## What to do
With pictures left out, output exactly the lines from the line holding "A) The fringe spacing will remain the same" through the end of the data, both included.
● ● ●
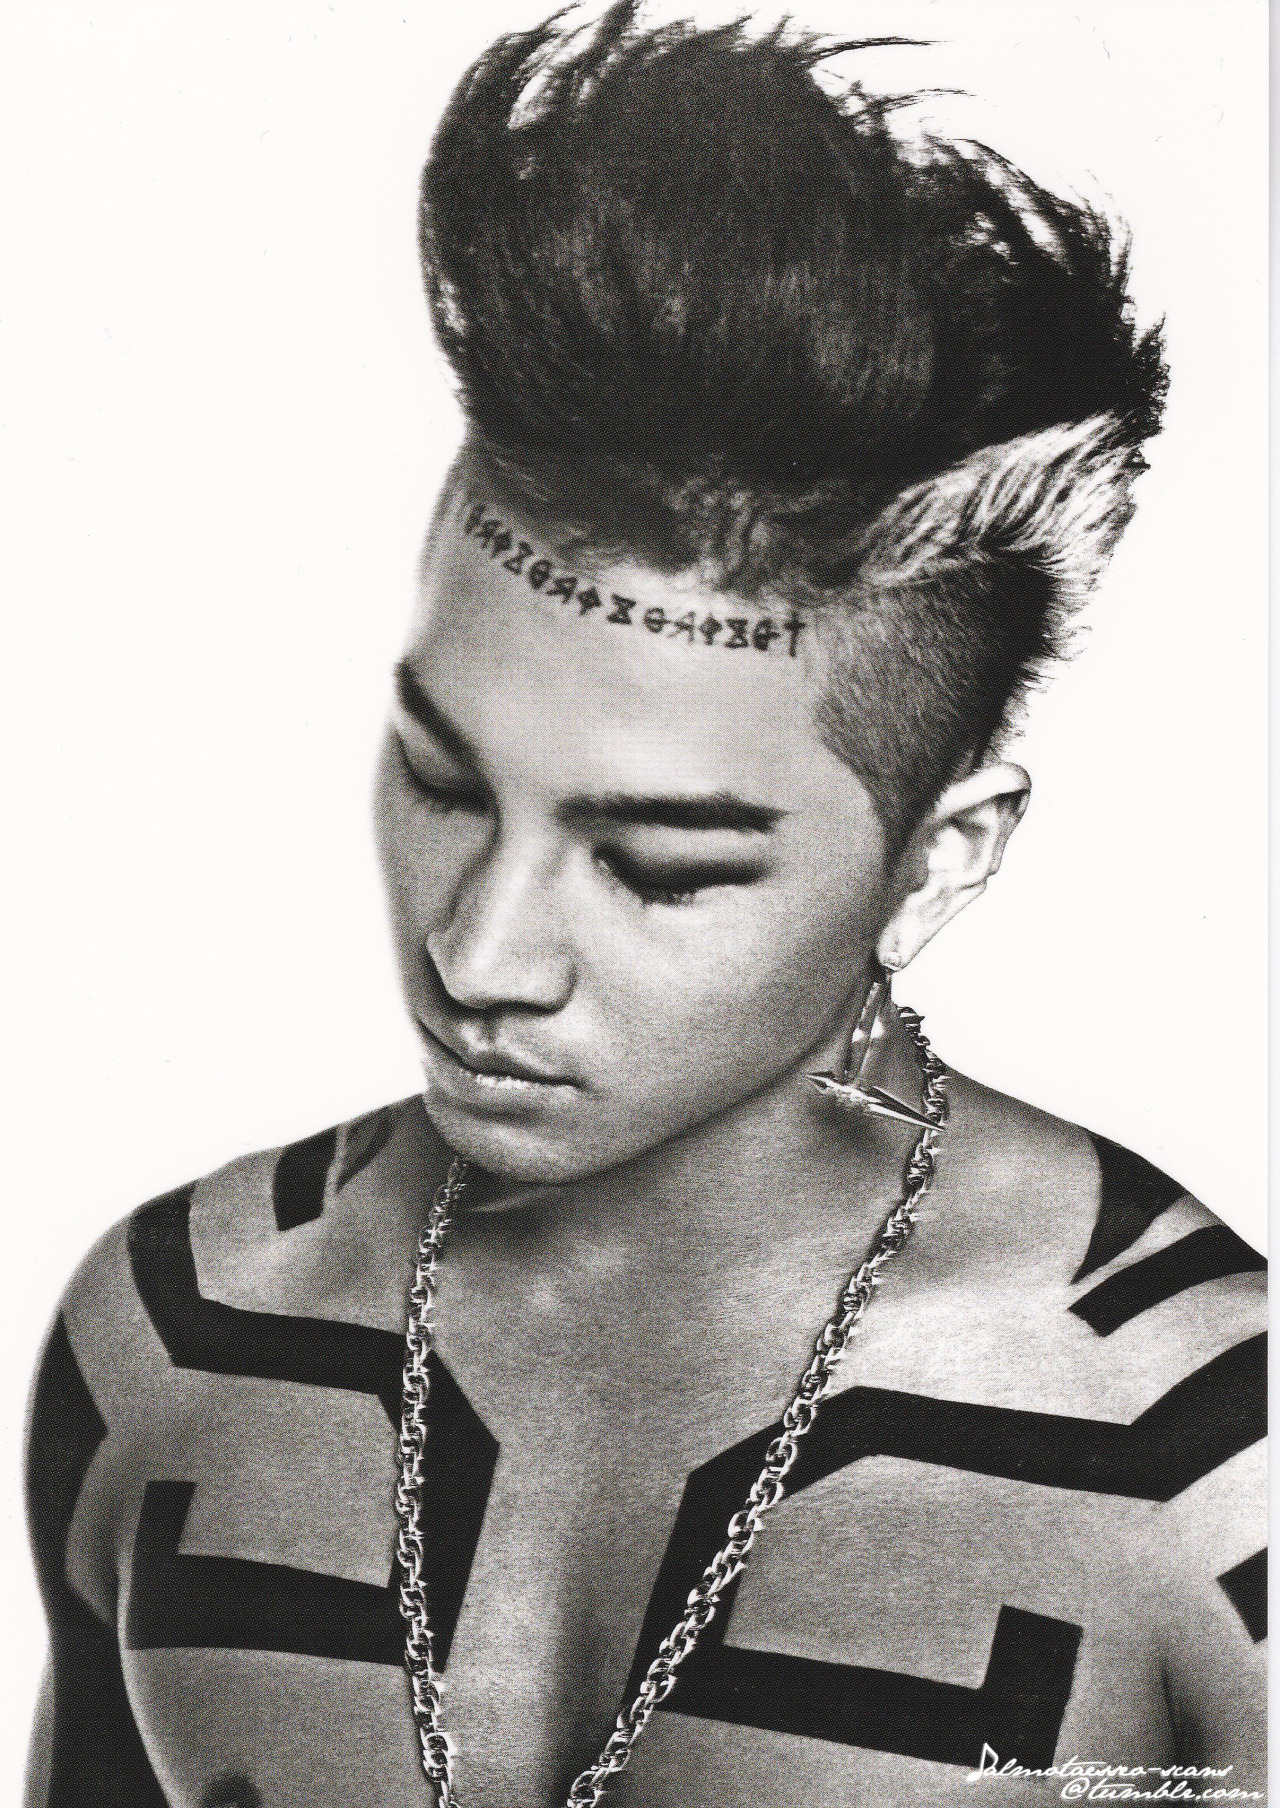 {HQ Scan} TaeYang’s RISE + best collection Vinyl LP photos -6- 
credit&#160;: jalmotaesseo-scans if editing! Do not repost without permission! Do not post to weheartit!
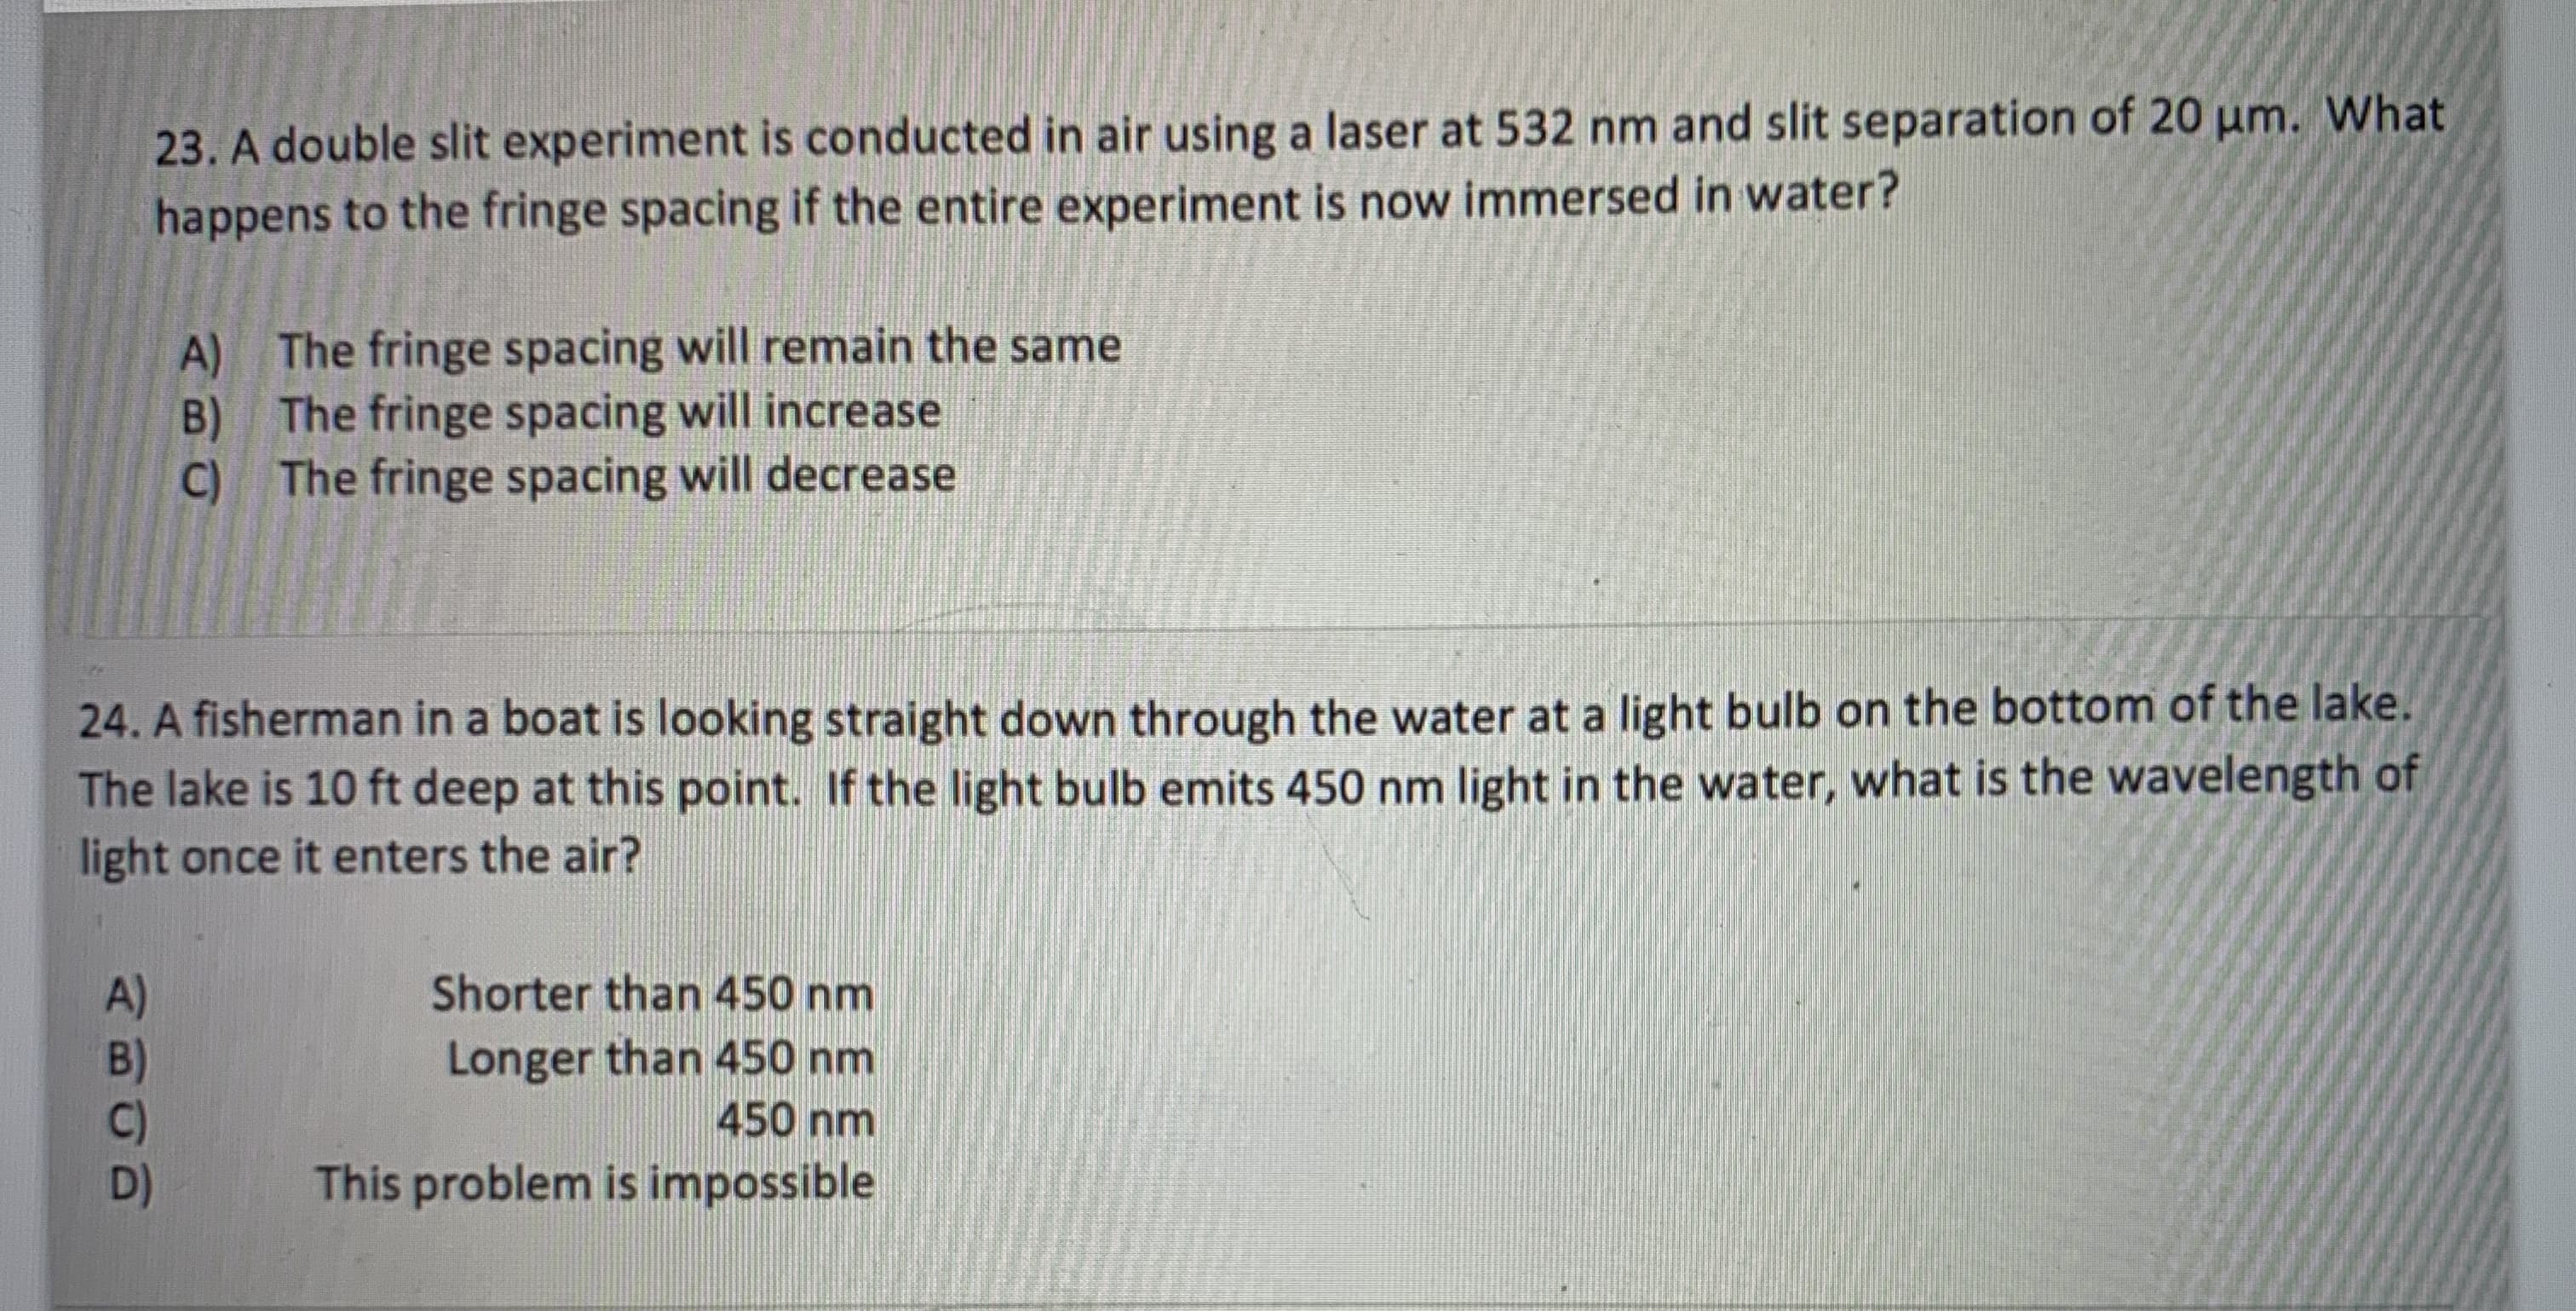 23. A double slit experiment is conducted in air using a laser at 532 nm and slit separation of 20 um. What
happens to the fringe spacing if the entire experiment is now immersed in water?
A) The fringe spacing will remain the same
B) The fringe spacing will increase
C) The fringe spacing will decrease
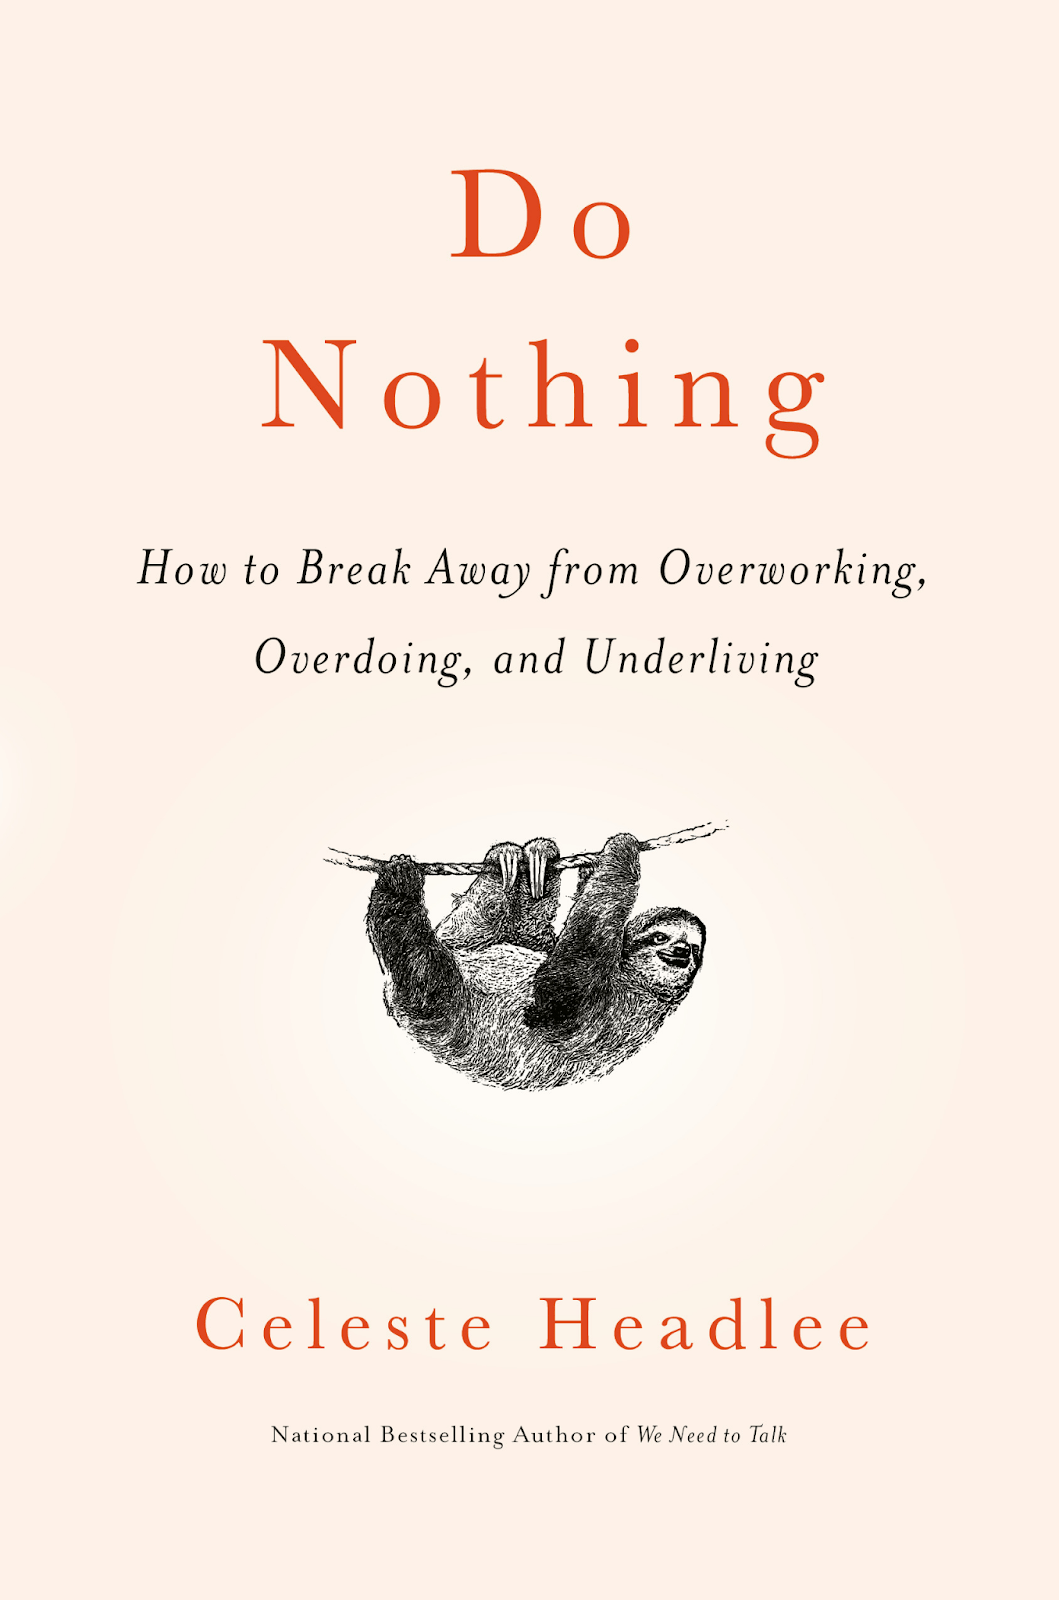 Do Nothing: How to Break Away from Overworking, Overdoing, and Underliving by Celeste Headlee Book Cover
● ● ●
## Result
A) The fringe spacing will remain the same
B) The fringe spacing will increase
C) The fringe spacing will decrease
 Do Nothing: How to Break Away from Overworking, Overdoing, and Underliving by Celeste Headlee Book Cover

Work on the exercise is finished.